> [Problem requirements]
Skip any image you find and restate the rest of the data word for word.

> [Available data]
────────────────────────────────────────

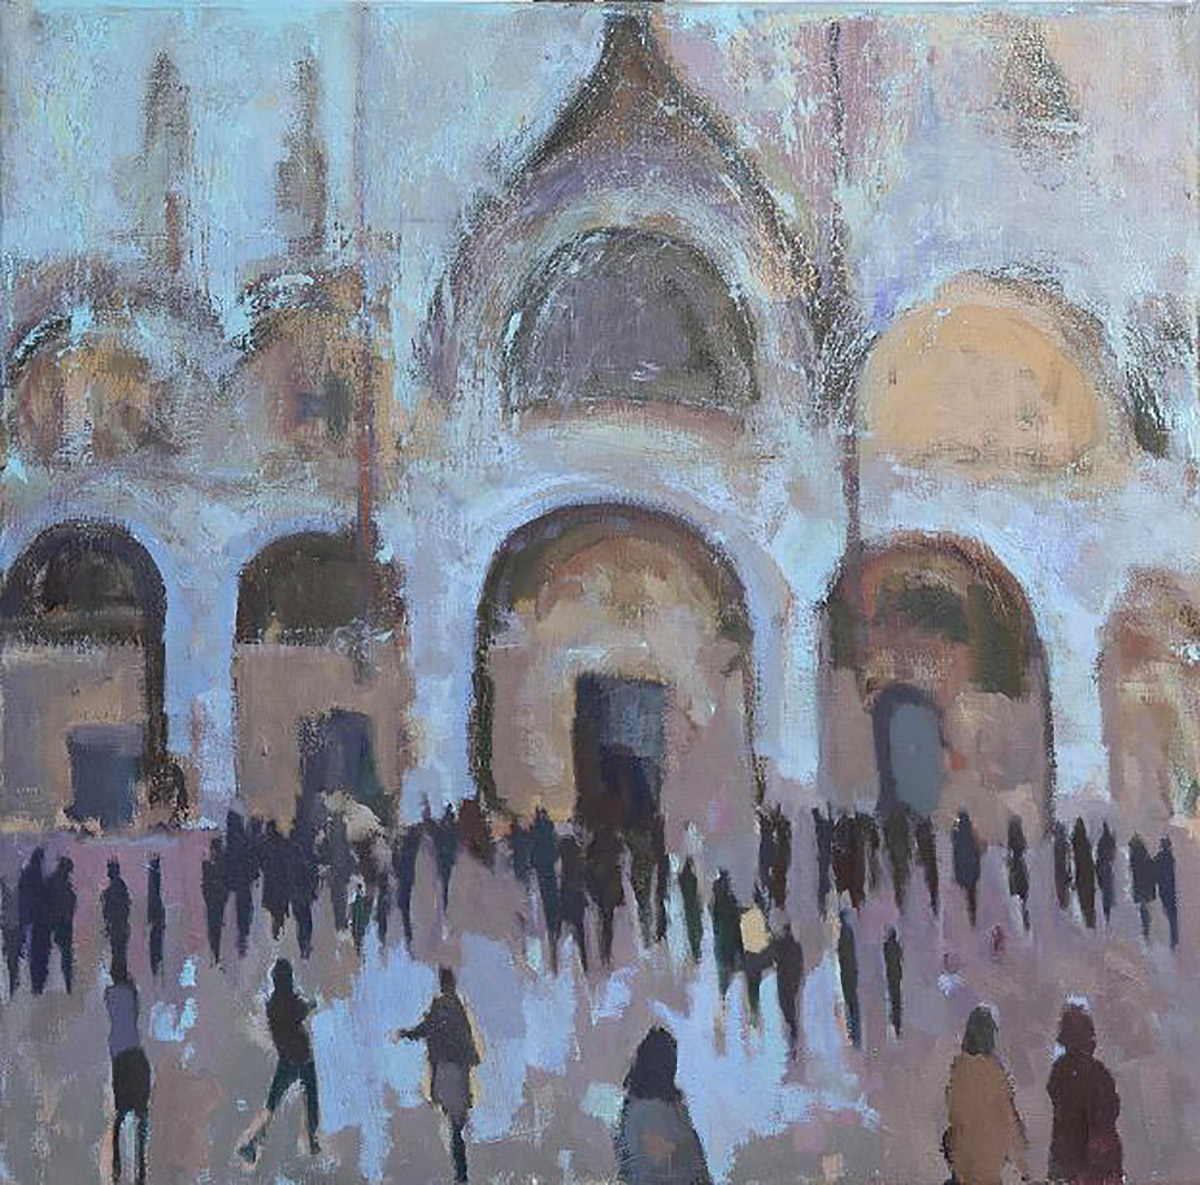 Michael Clark, 'San Marco', oil on linen
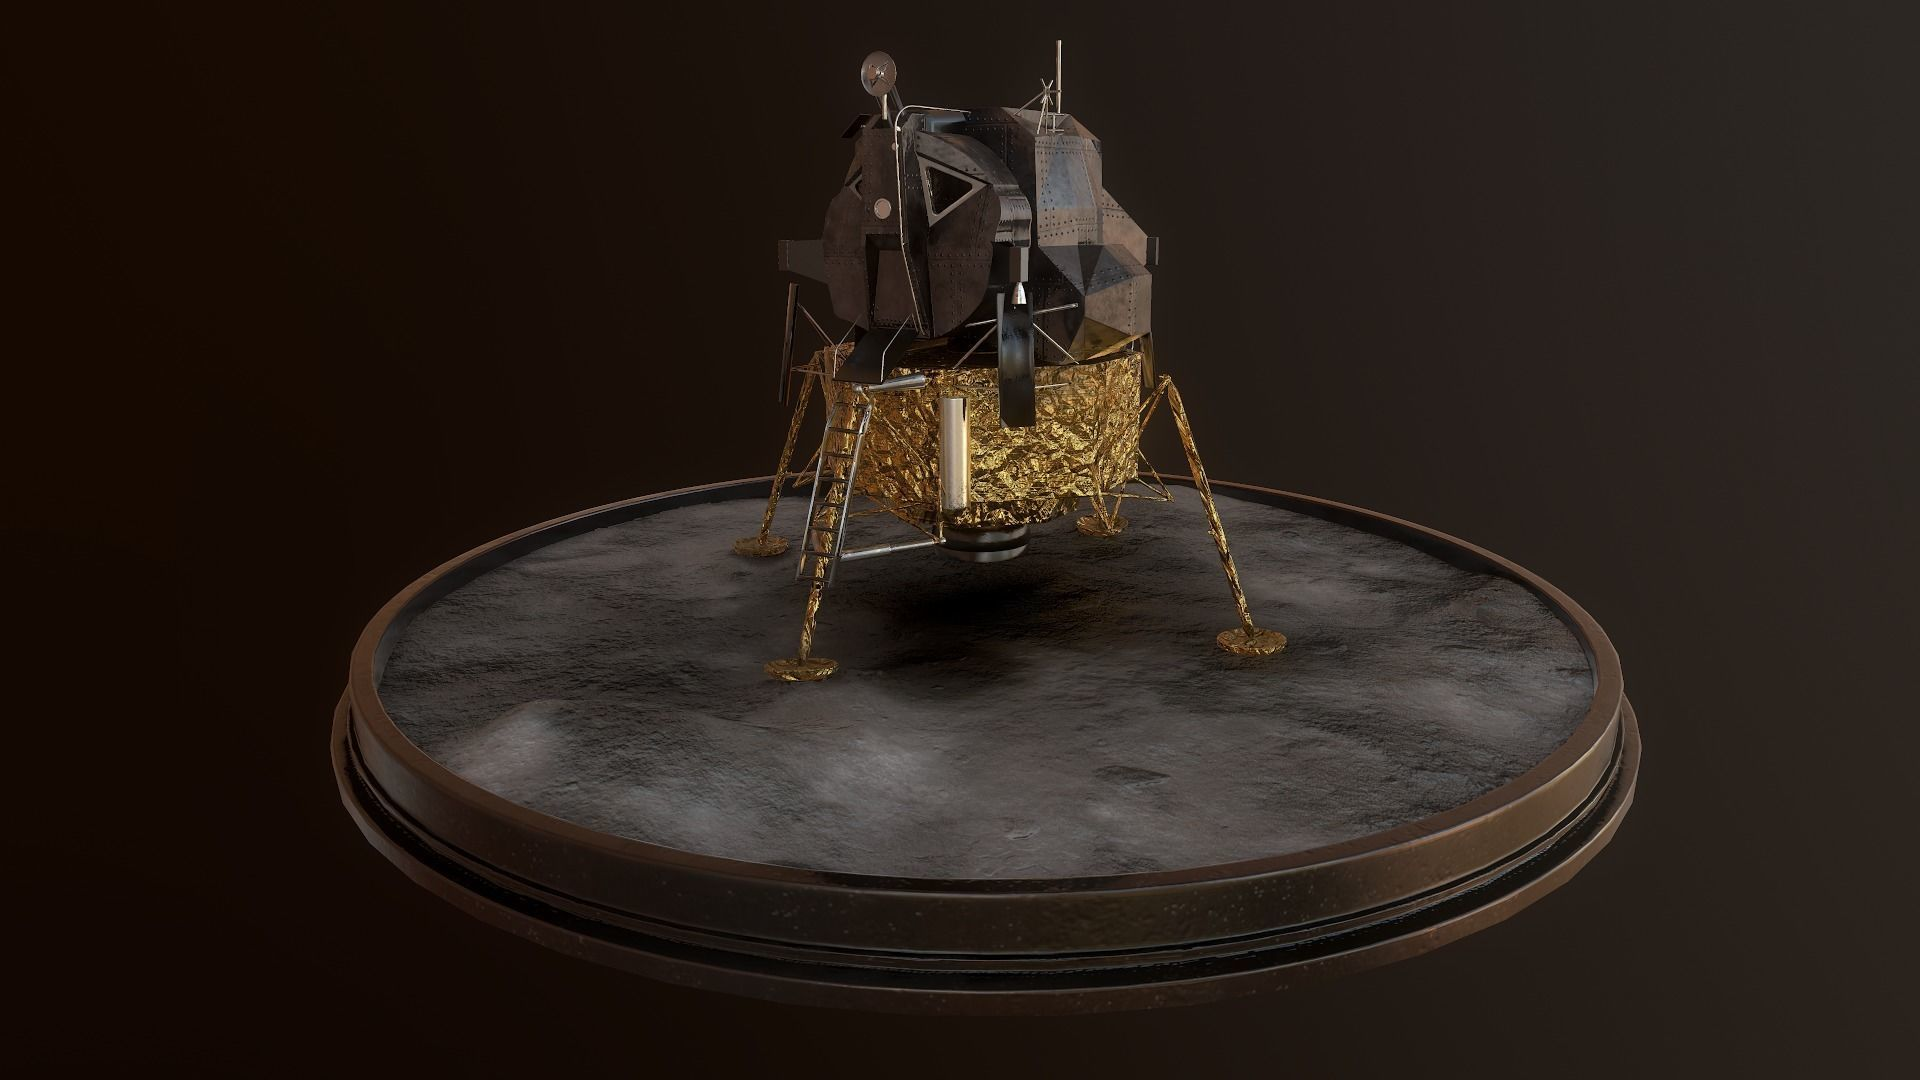 Lunar Module - LEM - Apollo program
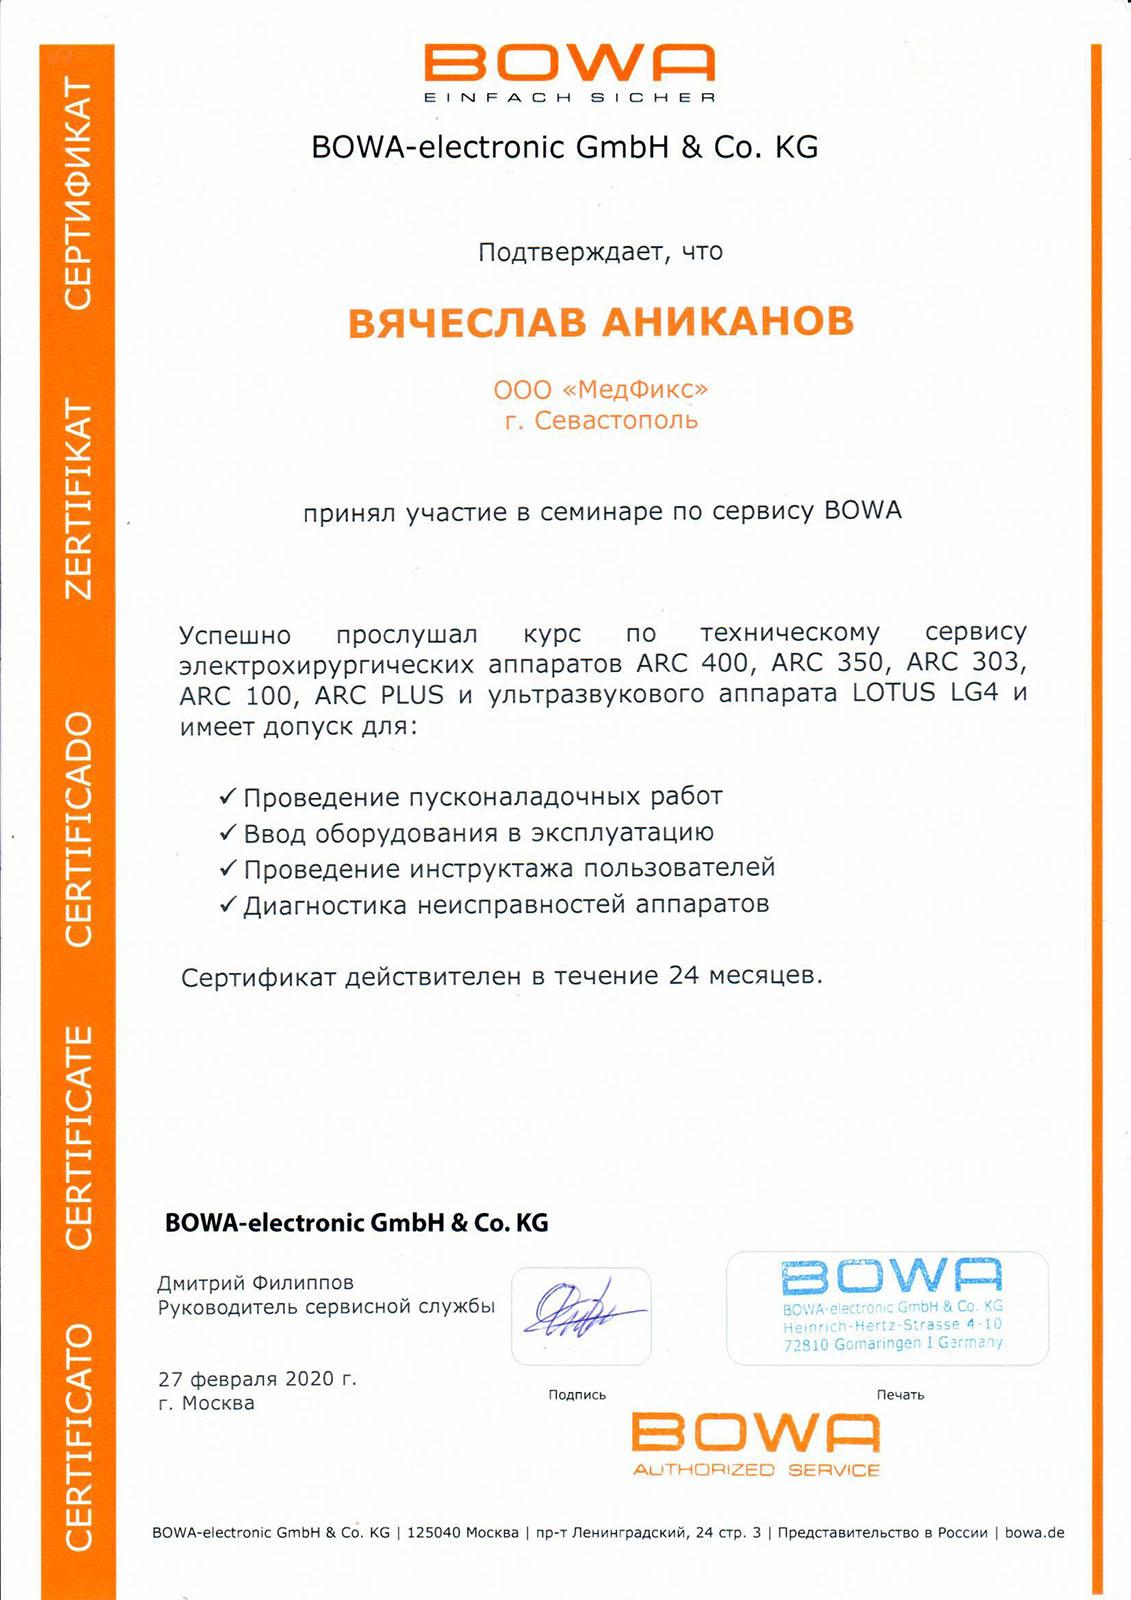 elektrohirurgicheskie-apparaty - BOWA-Anikanov-27.02.2020
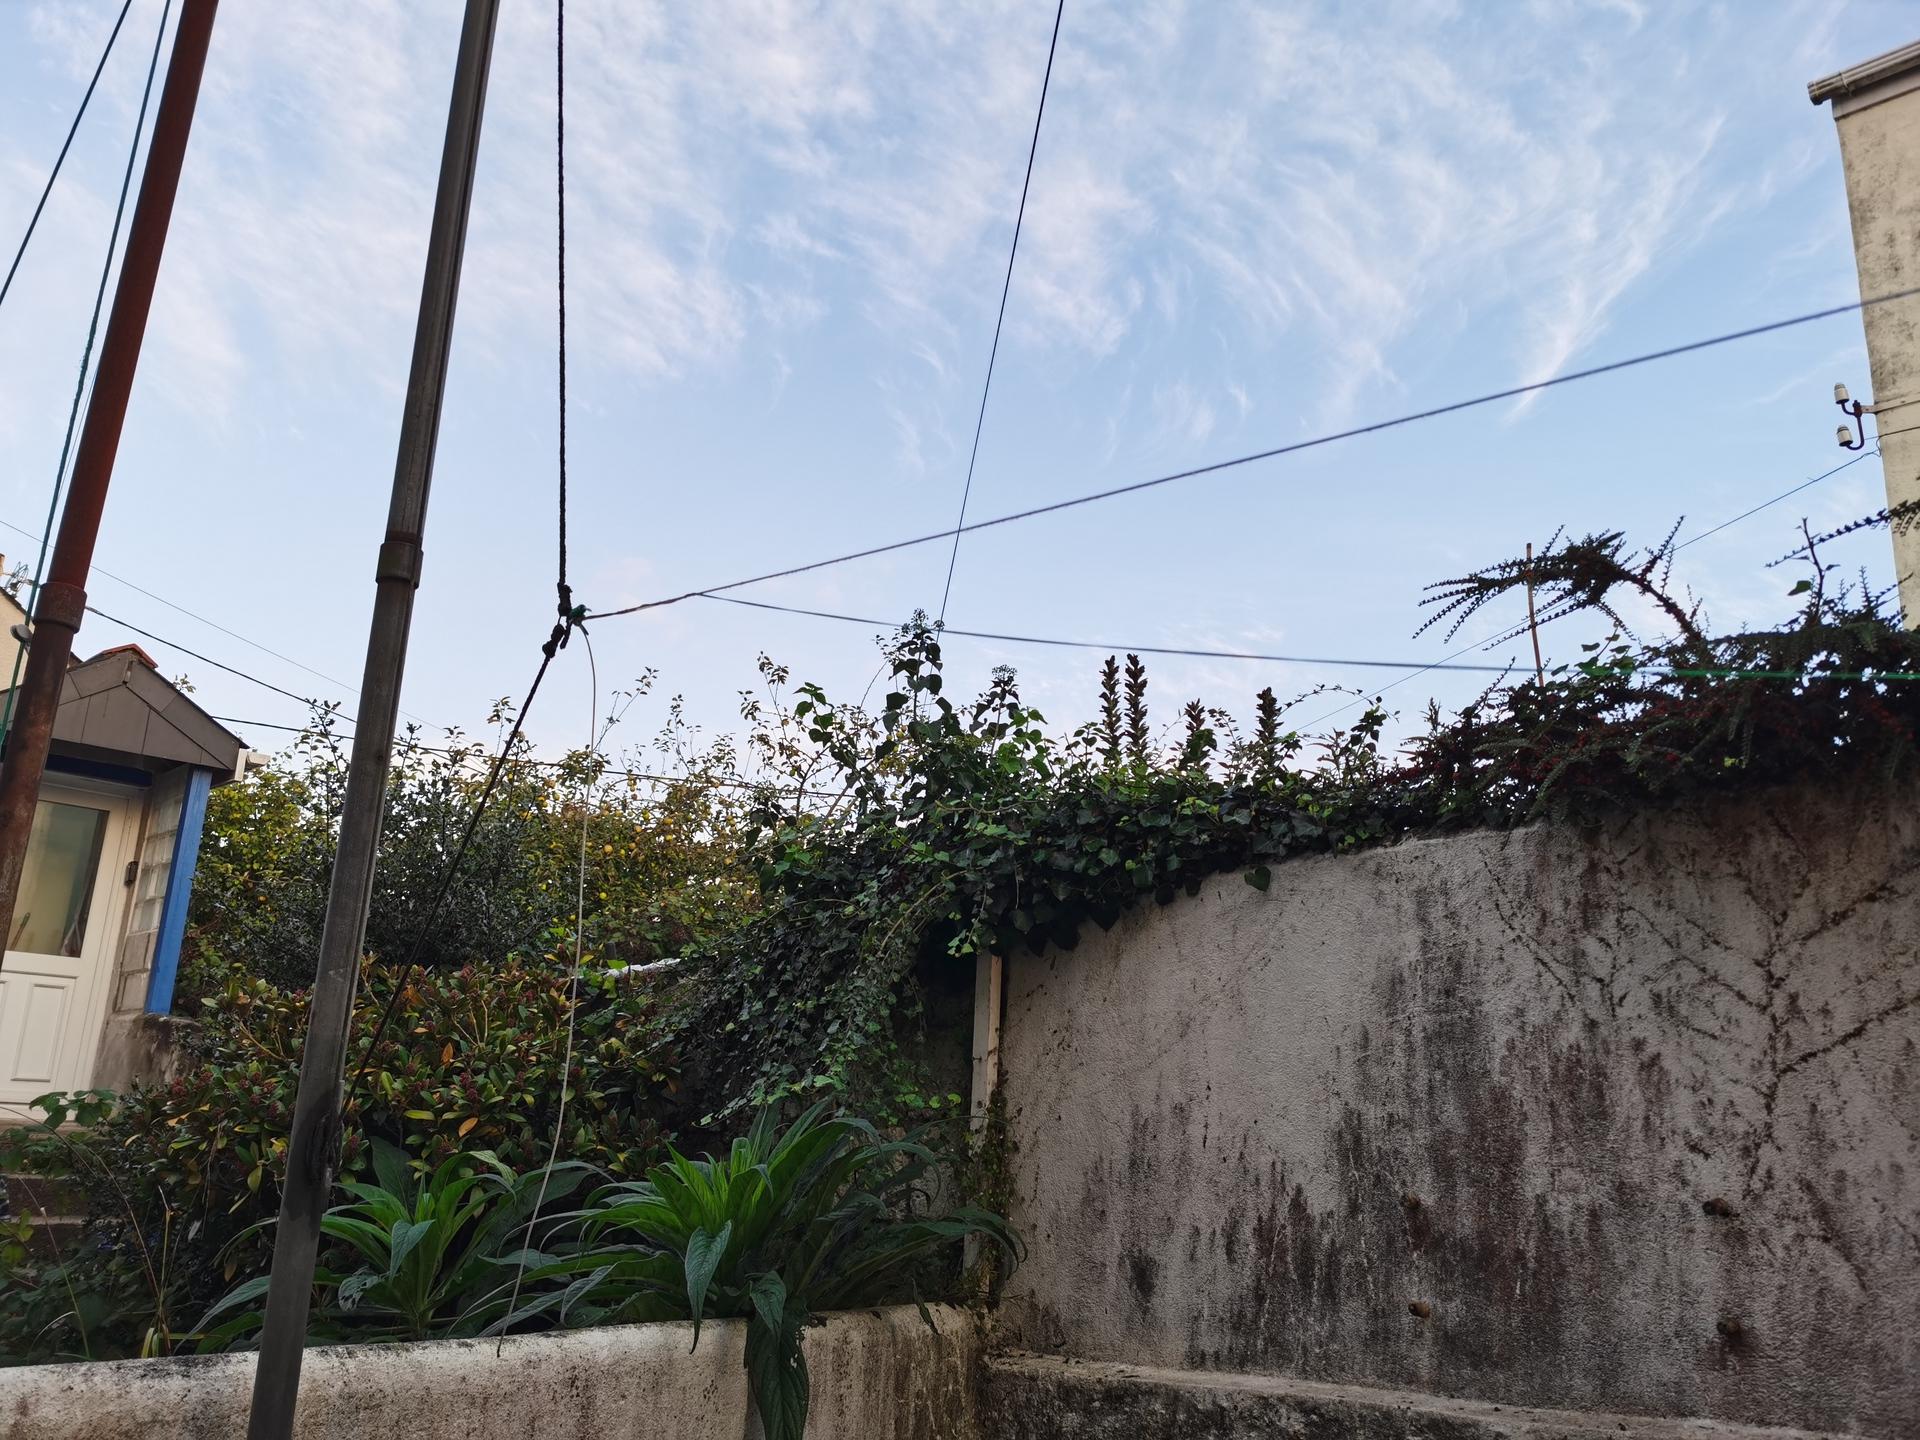 Huawei Mate 30 Pro Camera test Daylight shot of many cables

────────────────────────────────────────

> [The answer]
 Michael Clark, 'San Marco', oil on linen
 Lunar Module - LEM - Apollo program
 elektrohirurgicheskie-apparaty - BOWA-Anikanov-27.02.2020
 Huawei Mate 30 Pro Camera test Daylight shot of many cables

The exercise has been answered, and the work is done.